Armenian families still living in containers from 1988 quake

USA Today
Armenian families still living in containers from 1988 quake

Spitak suffered an earthquake 28 years ago, but the local authorities are failing to cope with its consequences even today. A journalist from USA Today visited the region and saw how people live there today.

It was in December 1988. Tens of thousands died and some half a million were left homeless. After local authorities realized how overmatched they were, shipping containers full of relief supplies flooded in. So, picture desperate families, a harsh Armenian winter, and shipping containers everywhere. An immediate solution presented itself: People moved into the containers. They were better than freezing to death, but not much better. They lacked heating, cooling, plumbing, windows and wiring. Desperate people burned toxic quake debris and trash to cook and keep warm. The situation was supposed to be temporary. The Soviet Union did provide housing for many. But soon the USSR went the way of so many of its crumbled Armenian buildings. Regional conflicts flared up and new nations struggled to adapt to a completely different economic system. Some of the struggles continue, and today, there are still families living in those same shipping containers. In the hard-hit city of Gyumrialone, roughly 10,000 people — men, women, children, generations — still live in them. The domiks were barely habitable to begin with. Though some have improvised insulation and jerry-rigged wiring, they’re generally worse than they were before. After almost 30 years, they’ve rotted and they’re increasingly unstable.

Melina fed her 2- and 3-year-old daughters in her domik in Armenia while her husband Artyom worked in Russia. He has since returned to be with his family but can’t find work

Many of the domik families share a similar story: high unemployment drove a breadwinner to work abroad. Domik resident Melina grew up in and out of orphanages. Artyom grew up in a domik. They’re in debt, but they just want their daughters to grow up healthy and have a chance at a comfortable life. But between the various environmental factors and other symptoms of poverty, “domik kids” are sometimes stunted, often sick, and even more often ostracized at school. Vahan Tumasyan from the Gyumri-based Shirak Centre aid group has been bringing domik residents firewood and food.

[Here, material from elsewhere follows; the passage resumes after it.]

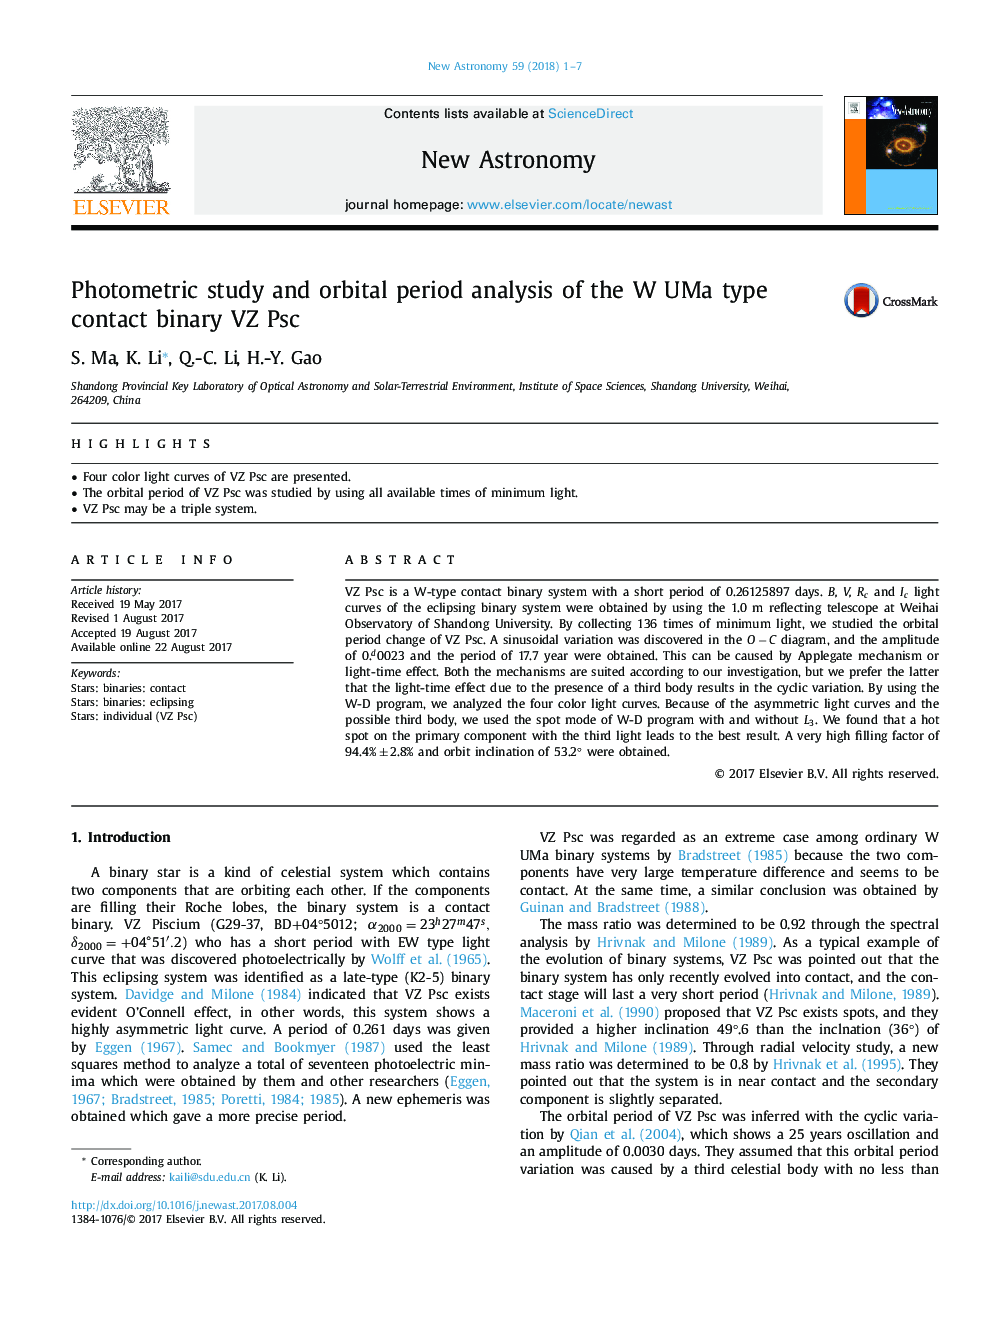 Photometric study and orbital period analysis of the W UMa type contact binary VZ Psc

“Twenty-eight years later the shipping containers have rotted, and they’re just awful, awful living conditions, especially for the children,” says Peter Abajian, director of the Paros Foundation, a small nonprofit working with the Shirak Centre to get the families into better housing. “Their parents have lived in them first and grown up in them,” he says. “And now these children are living in them. These kids have sort of lost track of what a normal life should be.” The nonprofit partnership provides the money and paperwork needed to get families who sign agreements and meet other criteria into decent apartments. The groups also tear down vacant domiks, providing work, distributing salvageable materials and firewood.

But even as Abajian hustles to raise funds from the Armenian diaspora, the numbers are daunting: It costs roughly $20,000 to move a family from a domik to an apartment. Do the math, and that’s a $50 million problem in Gyumri alone, far more than the nonprofits take in.

Ashot, 7, passes time in the domik where he lives with his mother and two sisters. They had been living and working in Russia but came back last year

“The domik kids don’t need arts and crafts,” Abajian says. “They need a meal."  The Paros Foundation created Debi Arach — “moving forward” in Armenian, a year-old youth center in Gyumri meant to improve domik kids’ prospects through a holistic approach. It serves a total of 140 kids aged 6 to 17 in two groups that each come three times a week. Housed in a rental building that used to be a restaurant and hotel, Debi Arach has computers, classes to reinforce school lessons, and vocational training. As Armenia modernizes, demand for IT experts is outpacing supply. Much of the training at Debi Arach is geared toward computer careers. “The promise is it will get you to a level where you’ll take care of your family, you’ll be able to rent a home and live a normal life here in Gyumri,” Abajian says. In addition to its eight teachers, the center has a nurse, a psychologist, and maybe most importantly, places where kids can safely bathe and eat healthy food. When the center started serving meals last year, Abajian says, students didn’t touch the salad: “It turns out they didn’t know what it was. They know bread. They also didn’t know how to sit at a table and eat together, so the teachers sat with them and created this family atmosphere they don’t have in the domiks. And most of them didn’t know how to use the bathrooms because a lot of their schools don’t have bathrooms either. So we’ve made sure that each kid has a locker here. It’s the kids, absolutely. We have to try to save them.”